Work order: Each line in the material below must be transcribed exactly; no picture belongs in the copy.

(Data block begins)

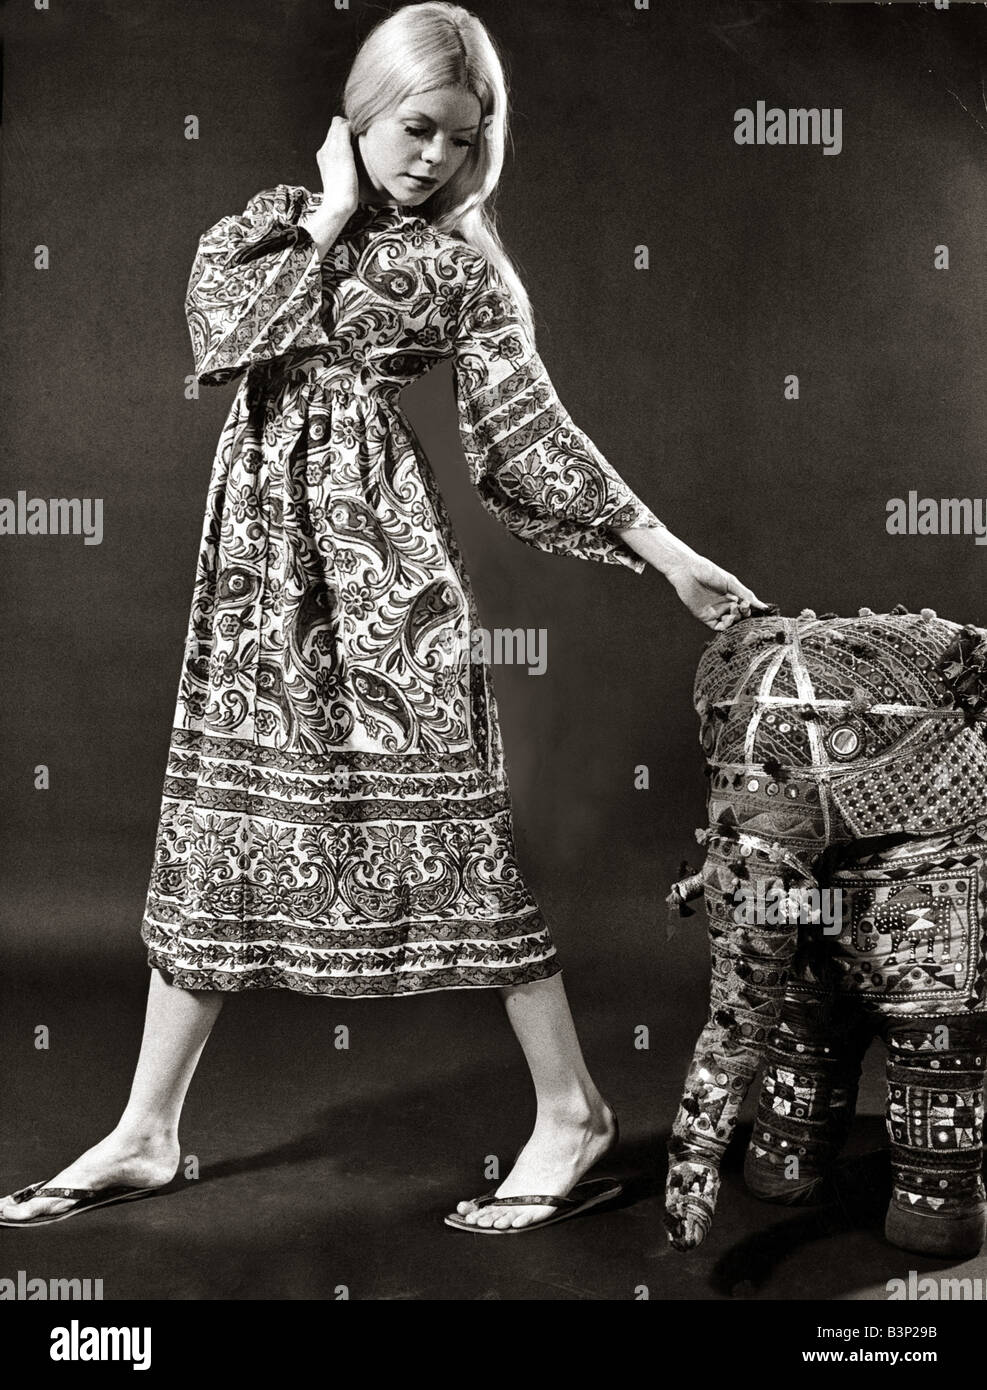 Un mannequin portant une robe midi impression swirly avec de larges manches bell fabriqués à partir de matériaux et de couvre-lit coton indien 1970 sandales mode femme femme femmes Vêtements femmes d'été estival du réveil miroir jack curtis 20 670 Banque D'Images
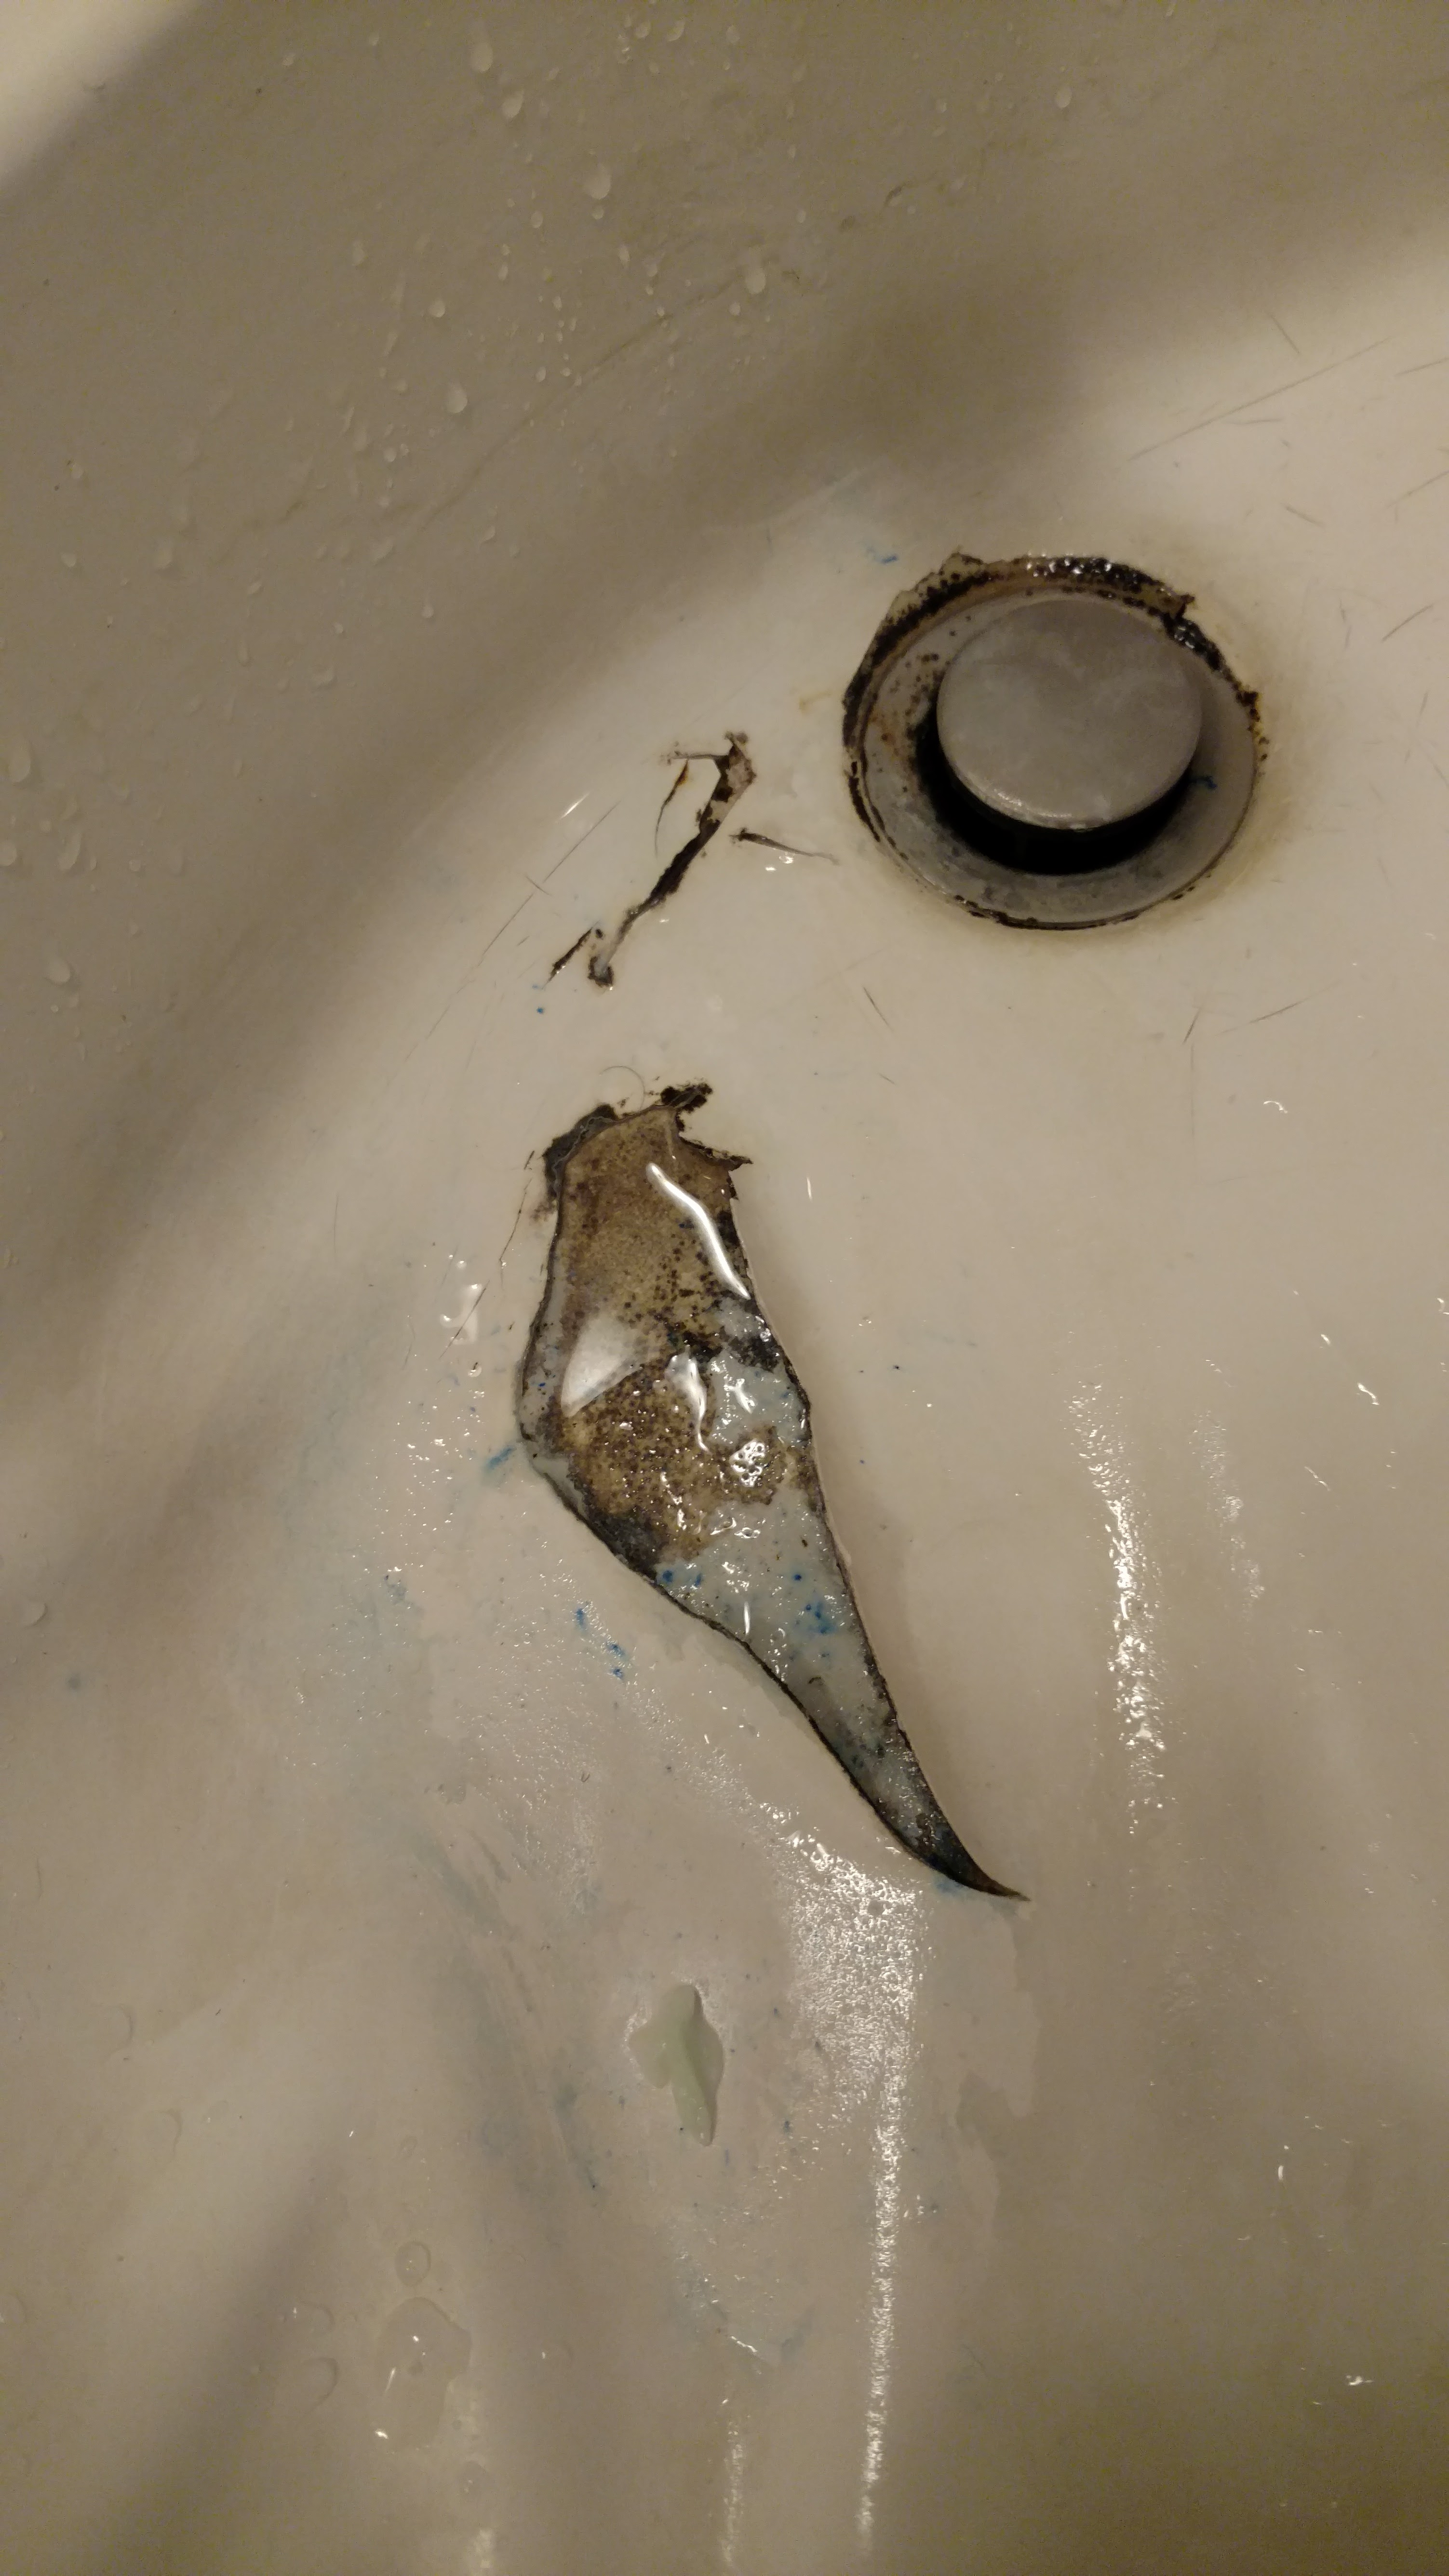 2016-12-11 Bathroom sink 1 of 3 Apt 9
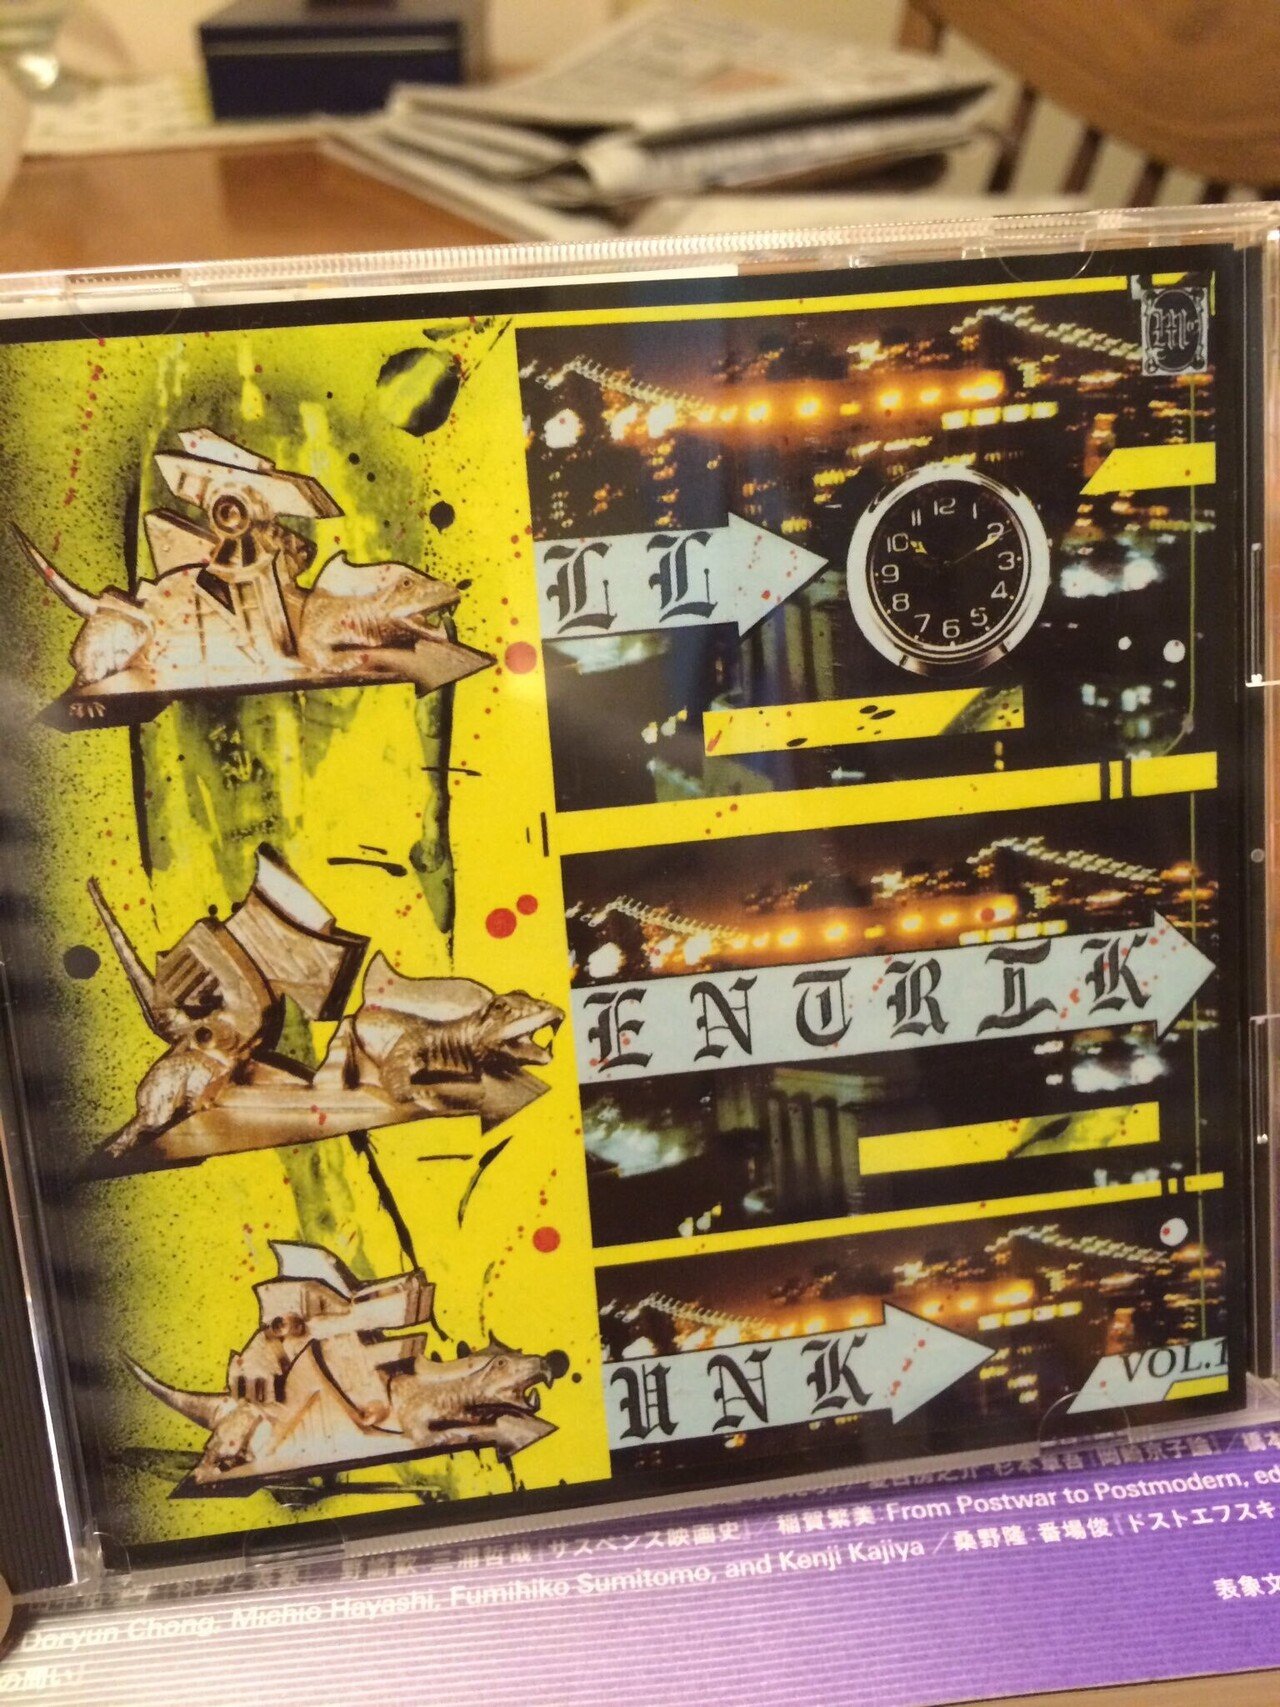 島田奈美 / Sunshower オリジナルプロモ盤 | www.ankuramindia.com

(Data block ends)

Result:
 Un mannequin portant une robe midi impression swirly avec de larges manches bell fabriqués à partir de matériaux et de couvre-lit coton indien 1970 sandales mode femme femme femmes Vêtements femmes d'été estival du réveil miroir jack curtis 20 670 Banque D'Images
 2016-12-11 Bathroom sink 1 of 3 Apt 9
 島田奈美 / Sunshower オリジナルプロモ盤 | www.ankuramindia.com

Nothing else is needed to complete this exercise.